Quote from: DiHydro on February 11, 2021, 09:40:20 PM
I am curious if I am seeing this kernel problem on my bare-metal install. I have a passively cooled mini PC with 4 Intel NICs and a J1900 CPU at 2.00GHz and 4 GB of RAM. I know this CPU is fairly old, but the hardware sizing guide says I should be able to do 350-750 Mbit/s throughput. When I have no firewall rules enabled and the default IPS settings I get about 370-380 Mbit/s of my 400 Mbit/s inbound speed. If I enable firewall rules to set up fq_codel, then it drops my throughput to 320-340 Mbit/s. In both of these scenarios I see my CPU going up to 90+% on one thread. I do understand that my throughput will go down with different options like IPS and firewall rules, but I would think that with no other options running this hardware should be able to do better than 380 Mbit/s tops.
Using FQ_Codel or IPS are more secondary to the overall discussion here. Both of these will consume a large amount of CPU cycles and won't illustrate the true throughput capabilities of the firewall due to their own inherent overhead.

I run a J3455 with a quad port Intel I340 NIC, and can easily push 1gigabit with the stock ruleset and have plenty of CPU overhead remaining. This unit can also enable FQ_Codel on WAN and still push 1gigabit, although CPU usage does increase around 20% at 1gigabit speeds.

I don't personally run any of the IPS components so I don't have any direct feedback on that. It's worth noting that both of these tests are done on a traditional DHCP WAN connection. If you're using PPPoE, that will be single thread bound and will limit your throughput to the maximum speed of a single core.

What most of the transfer speed tests are illustrating here are that FreeBSD seems to have very poor scaling when using 10gbit virtualized NICs and forwarding packets. This isn't an OPNsense induced issue, more of an issue that OPNsense gets stuck with due to the poor upstream support from FreeBSD. For the vast majority of users on 1gigabit or lower connections, this won't be a cause for concern in the near future.

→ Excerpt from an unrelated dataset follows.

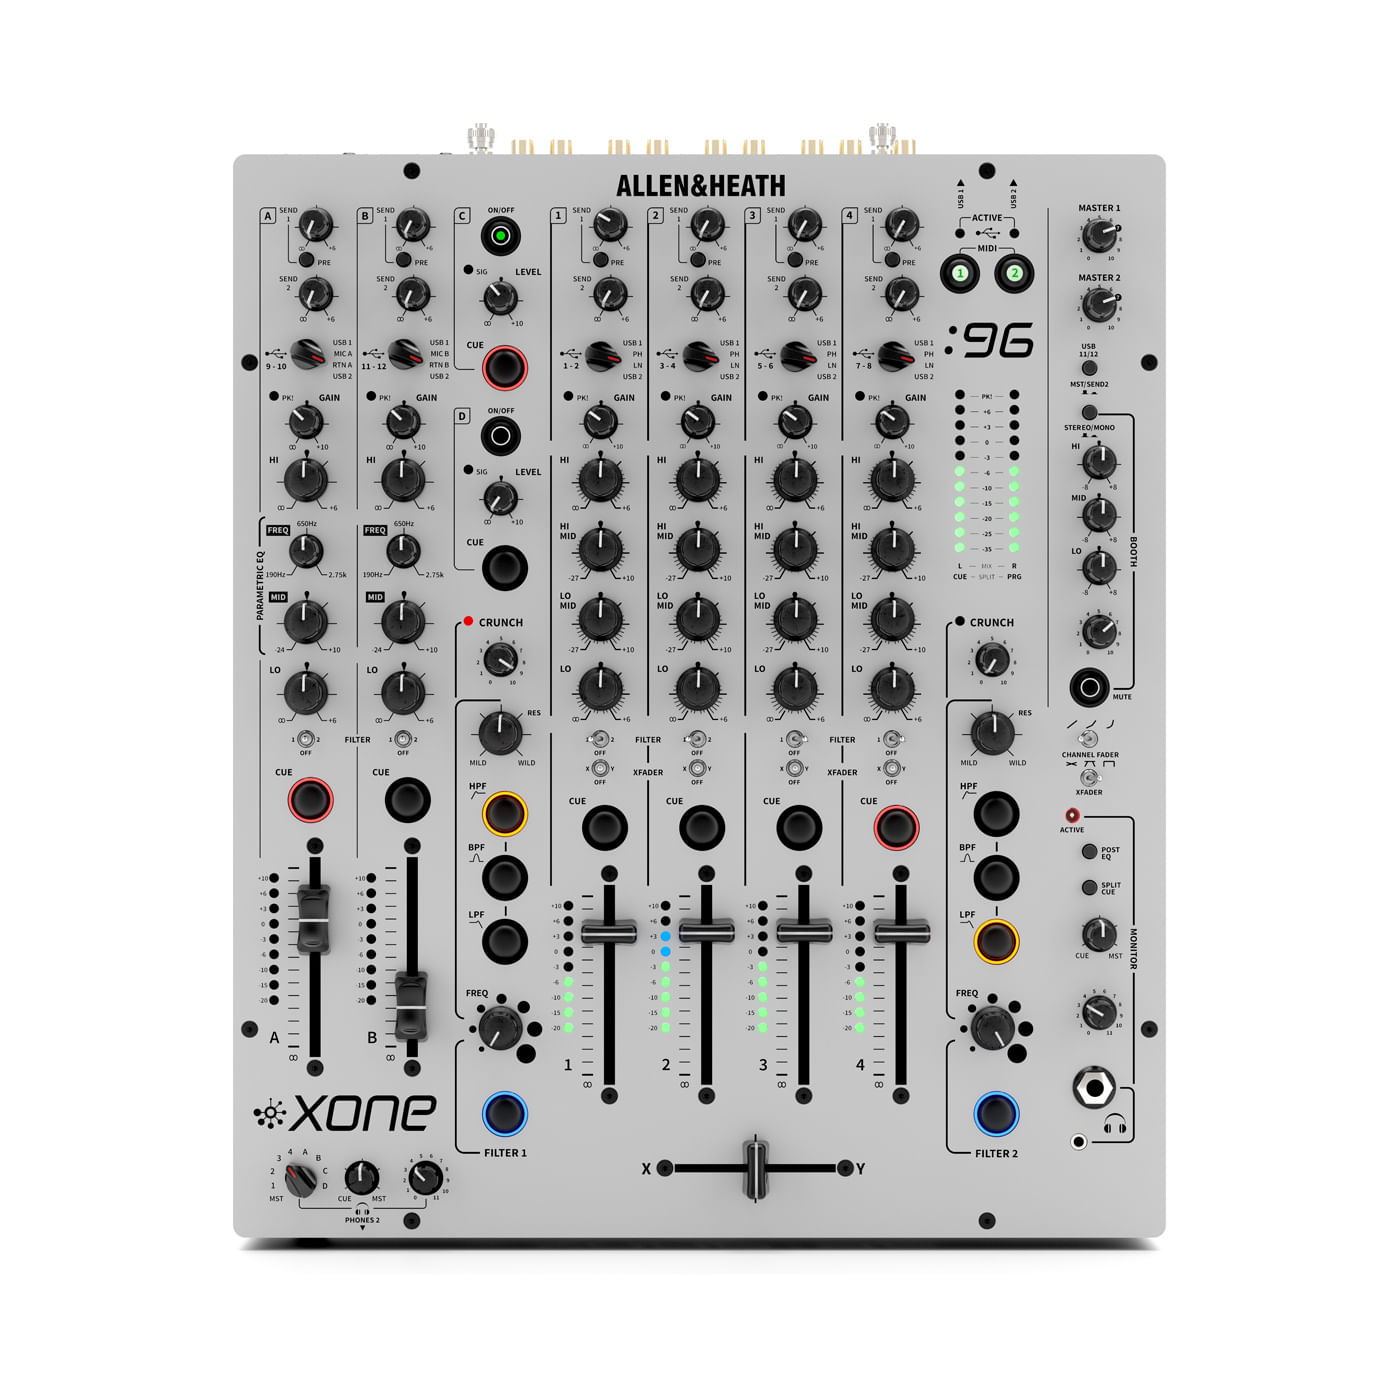 Mesas de mezcla de DJ para principiantes - Sonority

Quote from: opnfwb on February 11, 2021, 10:27:08 PM
Quote from: DiHydro on February 11, 2021, 09:40:20 PM
I am curious if I am seeing this kernel problem on my bare-metal install. I have a passively cooled mini PC with 4 Intel NICs and a J1900 CPU at 2.00GHz and 4 GB of RAM. I know this CPU is fairly old, but the hardware sizing guide says I should be able to do 350-750 Mbit/s throughput. When I have no firewall rules enabled and the default IPS settings I get about 370-380 Mbit/s of my 400 Mbit/s inbound speed. If I enable firewall rules to set up fq_codel, then it drops my throughput to 320-340 Mbit/s. In both of these scenarios I see my CPU going up to 90+% on one thread. I do understand that my throughput will go down with different options like IPS and firewall rules, but I would think that with no other options running this hardware should be able to do better than 380 Mbit/s tops.
Using FQ_Codel or IPS are more secondary to the overall discussion here. Both of these will consume a large amount of CPU cycles and won't illustrate the true throughput capabilities of the firewall due to their own inherent overhead.

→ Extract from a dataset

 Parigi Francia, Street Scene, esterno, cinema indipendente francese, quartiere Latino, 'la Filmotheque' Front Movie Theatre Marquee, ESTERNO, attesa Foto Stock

I run a J3455 with a quad port Intel I340 NIC, and can easily push 1gigabit with the stock ruleset and have plenty of CPU overhead remaining. This unit can also enable FQ_Codel on WAN and still push 1gigabit, although CPU usage does increase around 20% at 1gigabit speeds.

I don't personally run any of the IPS components so I don't have any direct feedback on that. It's worth noting that both of these tests are done on a traditional DHCP WAN connection. If you're using PPPoE, that will be single thread bound and will limit your throughput to the maximum speed of a single core.

What most of the transfer speed tests are illustrating here are that FreeBSD seems to have very poor scaling when using 10gbit virtualized NICs and forwarding packets. This isn't an OPNsense induced issue, more of an issue that OPNsense gets stuck with due to the poor upstream support from FreeBSD. For the vast majority of users on 1gigabit or lower connections, this won't be a cause for concern in the near future.

It sounds like I may need to reset to stock configuration and try this again. I thought that in some of my testing I had disabled all options and was running the device as a pure router and still seeing the single core limitation. Maybe I was mistaken and did still have some option that had significant CPU usage. My cable modem gives a DHCP lease to my OPNsense box, so I am not running PPPoE. When directly connected to the modem I get 390-430 Mbit/s. That is what lead me to look at the actual firewall as a throttle point.

Quote from: DiHydro on February 11, 2021, 09:40:20 PM
I am curious if I am seeing this kernel problem on my bare-metal install. I have a passively cooled mini PC with 4 Intel NICs and a J1900 CPU at 2.00GHz and 4 GB of RAM. I know this CPU is fairly old, but the hardware sizing guide says I should be able to do 350-750 Mbit/s throughput. When I have no firewall rules enabled and the default IPS settings I get about 370-380 Mbit/s of my 400 Mbit/s inbound speed. If I enable firewall rules to set up fq_codel, then it drops my throughput to 320-340 Mbit/s. In both of these scenarios I see my CPU going up to 90+% on one thread. I do understand that my throughput will go down with different options like IPS and firewall rules, but I would think that with no other options running this hardware should be able to do better than 380 Mbit/s tops.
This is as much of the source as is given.